[RFC] Generate CC1 Command Lines from a CompilerInvocation instance

I am a PhD student at the Imperial College London currently contracting for Apple, working with Michael Spencer and Duncan Exon Smith on providing build system support for explicit module builds through clang-scan-deps. As part of clang-scan-deps we need to provide build systems with a dependency graph of the modules needed for a given build, as well as a command line that can build each needed module explicitly. Under the hood, clang-scan-deps uses the implicit module build mechanisms to discover modular dependencies. In this setup when we need to generate a command line to build an explicit module we use the command line associated with the TU that discovered the given module and append to it “-remove-preceeding-explicit-module-build-incompatible-options” followed by the options needed to build the module explicitly. The trouble with this is that the command line we generate for building an explicit module is not deterministic, it depends on which TU discovers the module first. Furthermore, this scheme makes it extremely difficult to remove options that are irrelevant to the compilation of the module. What we really want to do is to be able to generate a cc1 command line from first principles given a CompilerInvocation instance.

In order to achieve this goal, we need a strategy that allows us to synthesize command line arguments from the various fields of a CompilerInvocation instance. Unfortunately, CompilerInvocation does not currently support this use case. We propose to automate the process of generating a command line by embedding information inside the table-gen option description files. This extra information will define the mapping between a given compiler option and the fields of CompilerInvocation using a mechanism similar to Obj-C’s keypaths. We can then use this to generate code that automatically translates from a given option to the correct value of the associated CompilerInvocation field and back. A patch describing the proposed pattern is available at https://reviews.llvm.org/D79796. Of course this scheme can not work for complicated mapping logic but we feel that it can automate generating command line arguments and parsing options for the vast majority of cases, which would significantly reduce the amount of custom code inside CompilerInvocation. To make sure that developers keep the mappings up to date, we plan to add an assertion at the end of CompilerInvocation::CreateFromArgs that checks that we can roundtrip back the CompilerInvocation through CompilerInvocation::GenerateCC1CommandLine. This should flag failures in debug builds which would make developers aware of the need to keep the mappings up to date without adding additional runtime overhead to clang.

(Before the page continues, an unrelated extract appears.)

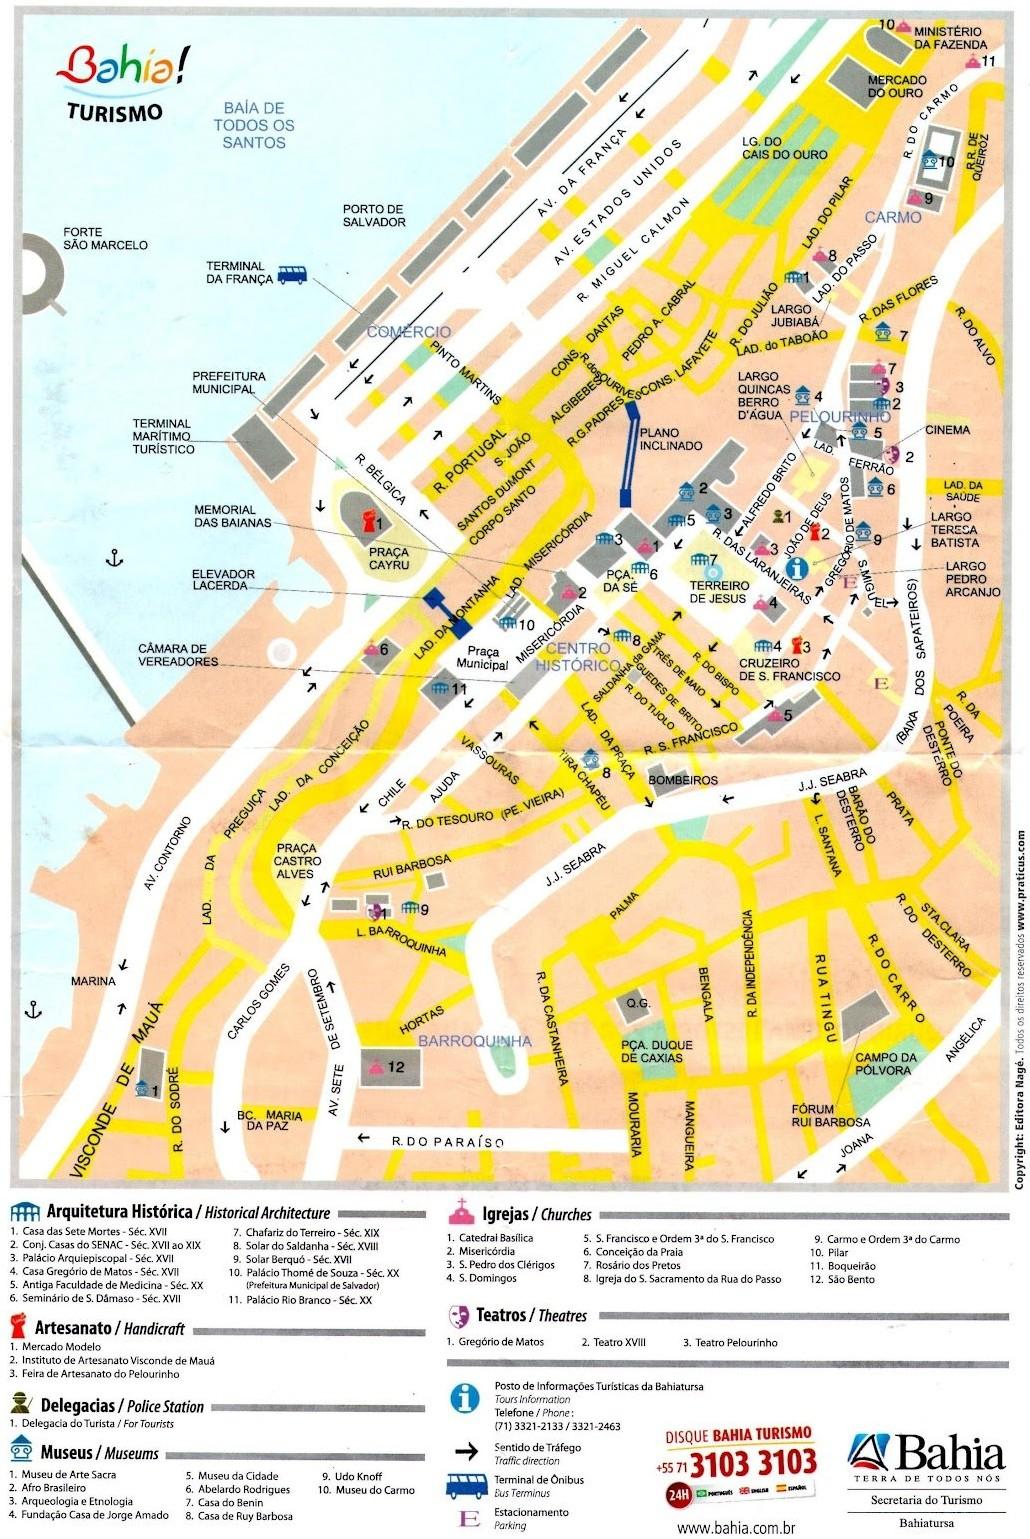 Guide français à Salvador de Bahia - routard.com

Thanks for reading and looking forward to everyone’s comments!

Daniel Grumberg

Broadly speaking, that sounds great. The cc1 interface is unstable, and we can change it to make the mapping from internal state to command line and back simpler. The driver code would benefit much more from this kind of refactoring, but the driver flag handling is so idiosyncratic that this isn’t really feasible.

My input on working with tablegen is: try to generate a little C++ code as humanly possible. Please try hard to generate readonly data instead of code. It compiles much more quickly, and usually runs just as quickly.

Our codebase has a bit of a legacy of table generated code gone wrong, and I want to move away from that where possible. See these (stale) stats on the individual functions that take the longest to compile:
https://reviews.llvm.org/P8191$95 llvm::decodeToMCInst
They are generated here: https://github.com/llvm/llvm-project/blob/master/llvm/utils/TableGen/FixedLenDecoderEmitter.cpp#L964
I have tried to optimize the code to compile faster, but so far I’ve had no luck.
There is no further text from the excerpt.